Record-breaking heat waves baked India and Pakistan, then monsoon flooding left about a third of Pakistan under water, affecting an estimated 33 million people. Temperatures exceeded 104 degrees Fahrenheit (40 Celsius) for prolonged periods in many places, and even broke 122 F (50 C) in Jacobabad, Pakistan, in May.

The Asian heat helped to melt some glaciers in the Himalayas, elevating rivers. At the same time, three times the normal annual rain fell in Pakistan during the weekslong monsoon. More than 1,500 people died in the flooding, an estimated 1.8 million homes were damaged or destroyed, and hundreds of thousands of livestock were lost. Food for the coming seasons will be in short supply.

Extreme heat in Europe led to wildfires, especially in Spain and Portugal. The drought in Spain dried up a reservoir, revealing the long-submerged “Spanish Stonehenge,” an ancient circle of megalithic stones believed to date back to around 5000 B.C. Electricity generation in France plummeted, with low rivers reducing the ability to cool nuclear power towers, and German barges had difficulty finding enough water to navigate the Rhine River.

That’s just this year! And the trend is ever upwards! Keep in mind that when climate experts tell you they’re concerned about a 3 degree rise, they’re looking at the mean temperature…and the extremes will be far worse. It’s the extremes that kill people and devastate regions, not the mean.

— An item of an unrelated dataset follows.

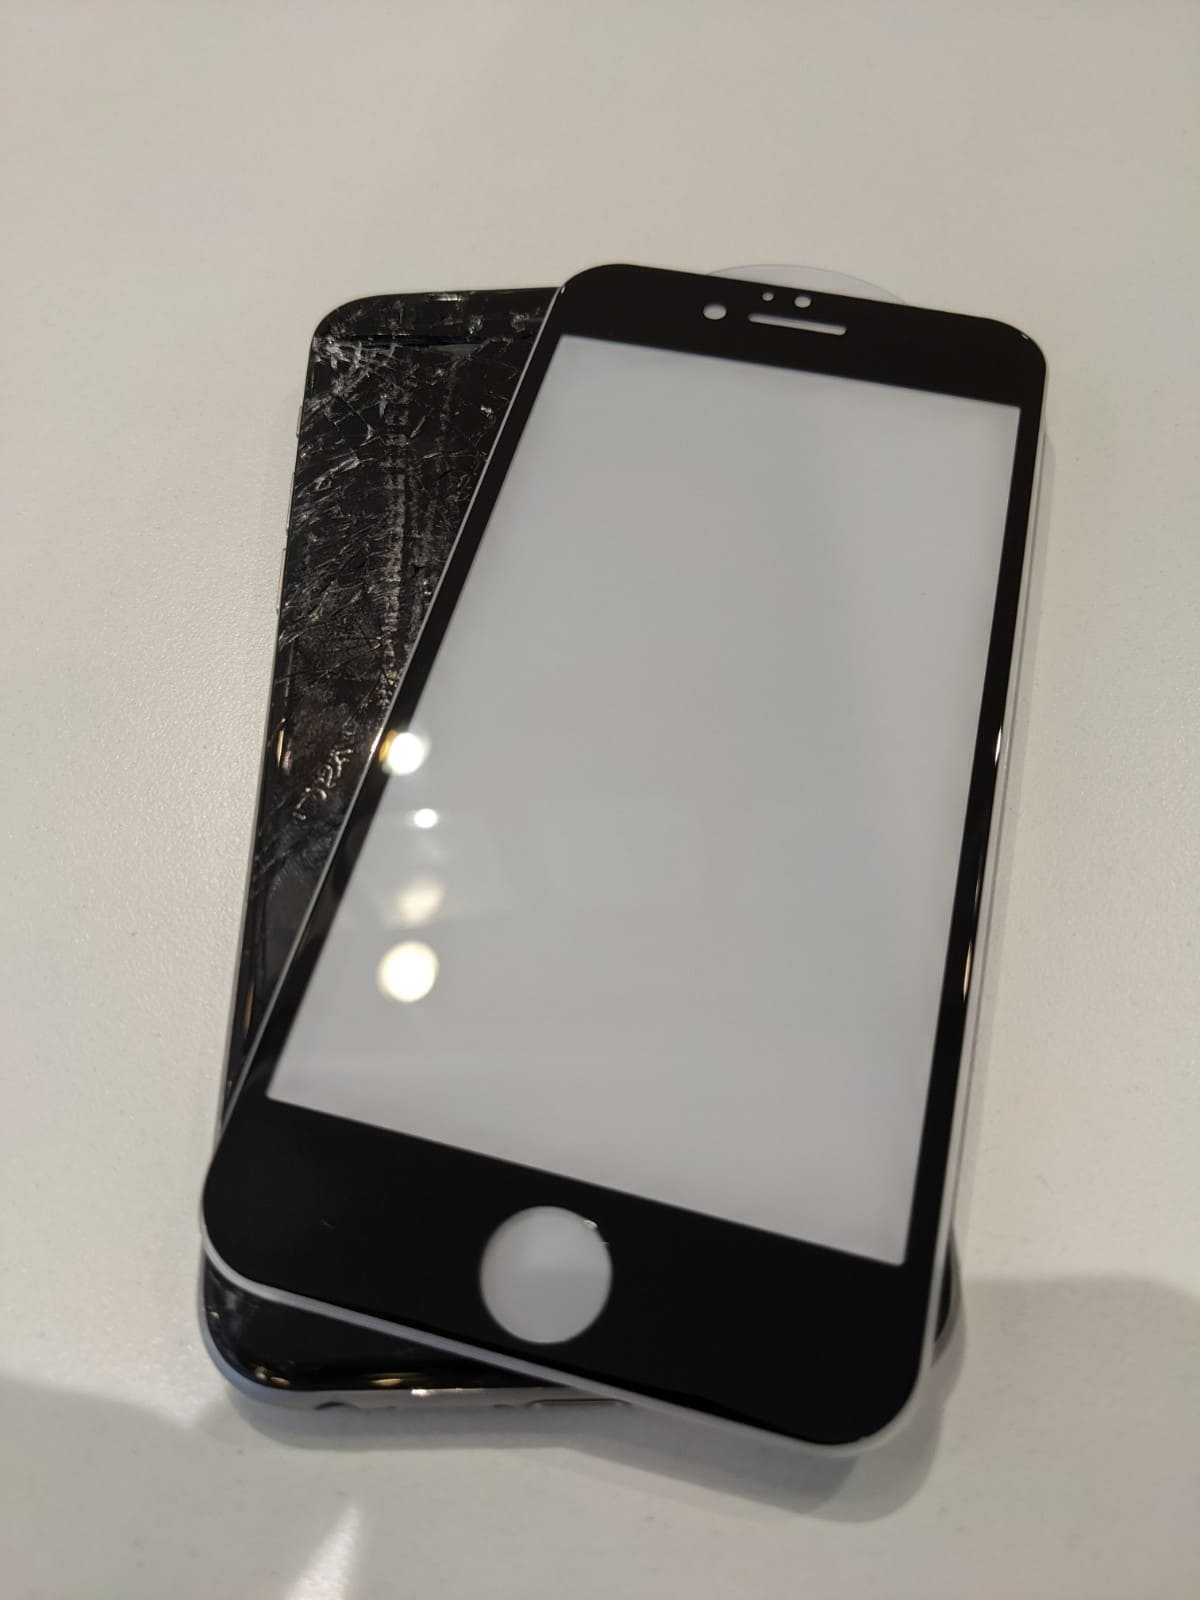 Iphoneのガラスが割れた 応急処置の方法 Iphone修理ダイワンテレコム

Yet here’s MacAskill blithely claiming that a FIFTEEN FUCKING DEGREE rise would be acceptable. Agriculture would survive, he thinks, so we’d be OK. Never mind the floods & fires & storms & mass upheaval & total disruption & civilization collapse. William MacAskill thinks he’ll still get his corn flakes every morning.

But don’t listen to me. Torres contacted real climatologists about that claim.

For example, I shared the section about global agriculture with Timothy Lenton, who directs the Global Systems Institute and is Chair in Climate Change and Earth System Science at the University of Exeter. Lenton told me that MacAskill’s assertion about 15 degrees of warming is “complete nonsense—we already show that in a 3-degree-warmer world there are major challenges of moving niches for human habitability and agriculture.”

Similarly, Luke Kemp, a research associate at the University of Cambridge’s Centre for the Study of Existential Risk who recently co-authored an article with Lenton on catastrophic climate change and is an expert on civilizational collapse, told me that “a temperature rise of 10 degrees would be a mass extinction event in the long term. It would be geologically unprecedented in speed. It would mean billions of people facing sustained lethal heat conditions, the likely displacement of billions, the Antarctic becoming virtually ice-free, surges in disease, and a plethora of cascading impacts. Confidently asserting that this would not result in collapse because agriculture is still possible in some parts of the world is silly and simplistic.”

If we’re really worried about existential risk and the possible extinction of the human species, I say we need to tar and feather these longtermist fantasists and launch them on a rail to the moon. It looks like delusional crackpots are going to kill us all.

Fifteen degrees. My god, that’s insane.